24.5 Models using Docker

This section will discuss how to add new models to PEcAn docker. To be able to add a new model to PEcAn when using docker is as simple as starting a new container. The model will come online and let the PEcAn framework know there is a new model available, there is no need to go through the process of registering this model with PEcAn. Users will be able to select this new model from web interface and run with this model selected.

For this process to work a docker image of the model will need to be created as well as small json file that is used to announce this new model. A separate service in PEcAn (monitor) will use this json file to keep track of all models available as well as register these models with PEcAn.

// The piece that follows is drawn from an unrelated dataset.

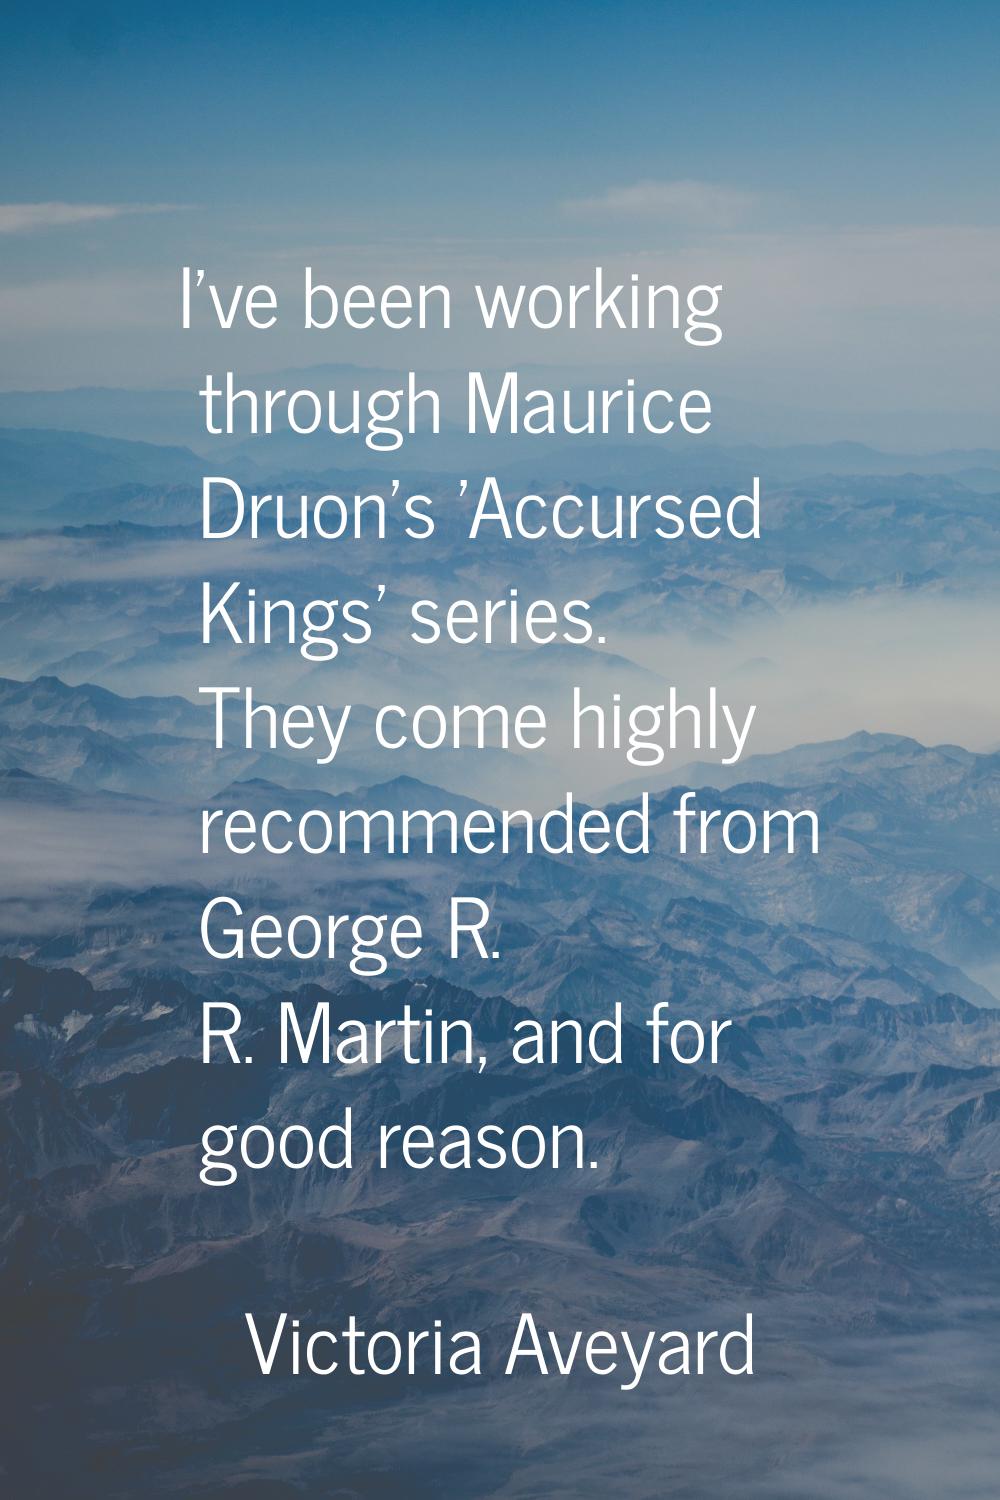 I've been working through Maurice Druon's 'Accursed Kings' series. They come highly recommended fro

Model information Model build Common problems

24.5.1 Model information

Each model will have a small json file called model_info.json that is used to describe the model and used by the monitor service to register the model with PEcAn. This file will contain information about the model that is send as part of the heartbeat of the container to the monitor service. Below is an example of this file for the ED model. The required fields are name, type, version and binary. The fields type and version are used by PEcAn to send the messages to RabbitMQ. There is no need to specify the queue name explicitly. The queue name will be created by combining these two fields with an underscore. The field binary is used to point to the actual binary in the docker container.

There are 2 special values that can be used, @VERSION@ which will be replaced by the version that is passed in when building the container, and @BINARY@ which will be replaced by the binary when building the docker image.

{
  "name": "ED2.2",
  "type": "ED2",
  "version": "@VERSION@",
  "binary": "@BINARY@",
  "description": "The Ecosystem Demography Biosphere Model (ED2) is an integrated terrestrial biosphere model incorporating hydrology, land-surface biophysics, vegetation dynamics, and soil carbon and nitrogen biogeochemistry",
  "author": "Mike Dietze",
  "contributors": ["David LeBauer", "Xiaohui Feng", "Dan Wang", "Carl Davidson", "Rob Kooper", "Shawn Serbin", "Alexey Shiklomanov"],
  "links": {
    "source": "https://github.com/EDmodel/ED2",
    "issues": "https://github.com/EDmodel/ED2/issues"
  },
  "inputs": {},
  "citation": ["Medvigy D., Wofsy S. C., Munger J. W., Hollinger D. Y., Moorcroft P. R. 2009. Mechanistic scaling of ecosystem function and dynamics in space and time: Ecosystem Demography model version 2. J. Geophys. Res. 114 (doi:10.1029/2008JG000812)"]
}

Other fields that are recommended, but currently not used yet, are:

  • description : a longer description of the model.
  • creator : contact person about this docker image.
  • contribuor : other people that have contributed to this docker image.
  • links : addtional links to help people when using this docker image, for example values that can be used are source to link to the source code, issues to link to issue tracking system, and documentation to link to model specific documentation.
  • citation : how the model should be cited in publications.

24.5.2 Model build

In general we try to minimize the size of the images. To be able to do this we split the process of creating the building of the model images into two pieces (or leverage of an image that exists from the original model developers). If you look at the example Dockerfile you will see that there are 2 sections, the first section will build the model binary, the second section will build the actual PEcAn model, which copies the binary from the first section.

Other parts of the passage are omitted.